So, we have to persist against the resistance. At the University of Toronto Mississauga (UTM) where I work, they renamed a new building on campus in Anishinaabemowin as an act of reconciliation. Advisement from the only two Indigenous faculty at the time led to a collaboration between UTM and the host nation, Mississaugas of the Credit, who chose the name Maanjiwe nendamowinan, which roughly translates to “gathering of minds.” Of course, this is a fitting and beautiful name, and a positive change, but the way the student body and even non-Indigenous faculty and staff have responded to the change is concerning. Most students simply refer to the building as “MN” now, as a way to skirt the discomfort of trying to pronounce Indigenous sounds. They don’t even try to learn how to pronounce the name correctly unless compelled to by a professor — like me — who practices the pronunciation with them in class. Shortly after the name change, there was an op-ed published in the student newspaper in which the student author argued that it was unfair and impractical to force people to pronounce something that was too difficult for them to sound out.
Obviously, that’s not representative of the entire student body, but the fact that I still hear folks consistently referring to the building as “MN” rather than Maanjiwe nendamowinan five years later is disappointing. And really, it just shows how discomforting such a thing is for settlers who have been conditioned to negate Indigenous languages, the existence of our languages, and the integrity of our languages for so long. I try to lead by example to show that I, too, am learning how to pronounce Anishinabemowin words for the first time in my life.
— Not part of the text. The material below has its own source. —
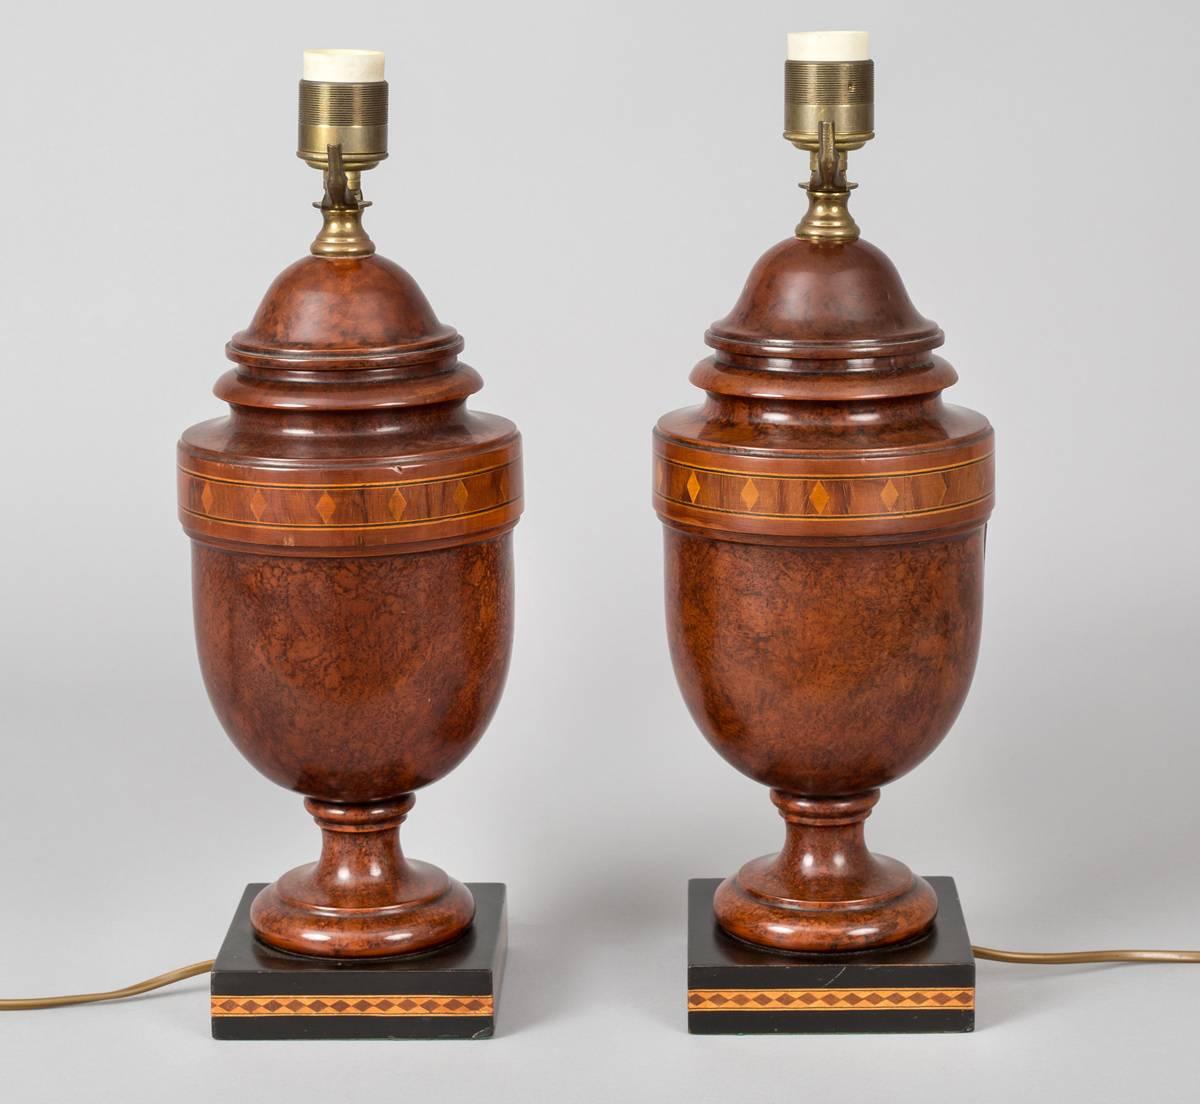 Pair of burl walnut inlaid vase-shaped lamps decorated with diamond patterned inlay around the top and base, mounted on an ebonized square base.

I don’t have a natural ability because I’m Indigenous. I have to practice and get comfortable, too. The only difference is I’m willing to try because I know it matters. Why can’t we just try, and keep trying, rather than take the easy route and just reject? Like, when Chinese students introduce themselves, they often say their chosen English name because they, too, know that most people will not attempt to say their Chinese name correctly, simply because the sounds are unfamiliar and difficult to pronounce. That’s sad to me; that one might feel compelled to mask one’s real name because Canadians in general don’t respect the sounds in another’s language. I try to make it a habit to ask my students their real names and to say them aloud a few times to make sure I’m saying them correctly, and then to keep practicing, and to try using them. That’s the least I can do to show respect and honour for the names their people gave to them.
SB
You mentioned the sort of hostility towards our sounds, and the lack of will to even try to pronounce Indigenous words. I saw this meme that I thought was really funny. It was a high school teacher kind of looking down at a piece of paper with a confused grimace. Underneath, it said, “The look white people make trying to pronounce Anishinaabe words.” [Laughs]
RG
Yeah, there’s a fear in their eyes. [Laughs]
SB
Exactly. What you’re describing, in terms of what a more generous and restorative process might entail, is not only the leaning into the discomfort of the sounds and a commitment to pronouncing things correctly, but also a letting go of colonial time, or the sense that these processes should be over in two weeks or three months or whatever. The process of relationship building to do this work is going to take as long as it takes.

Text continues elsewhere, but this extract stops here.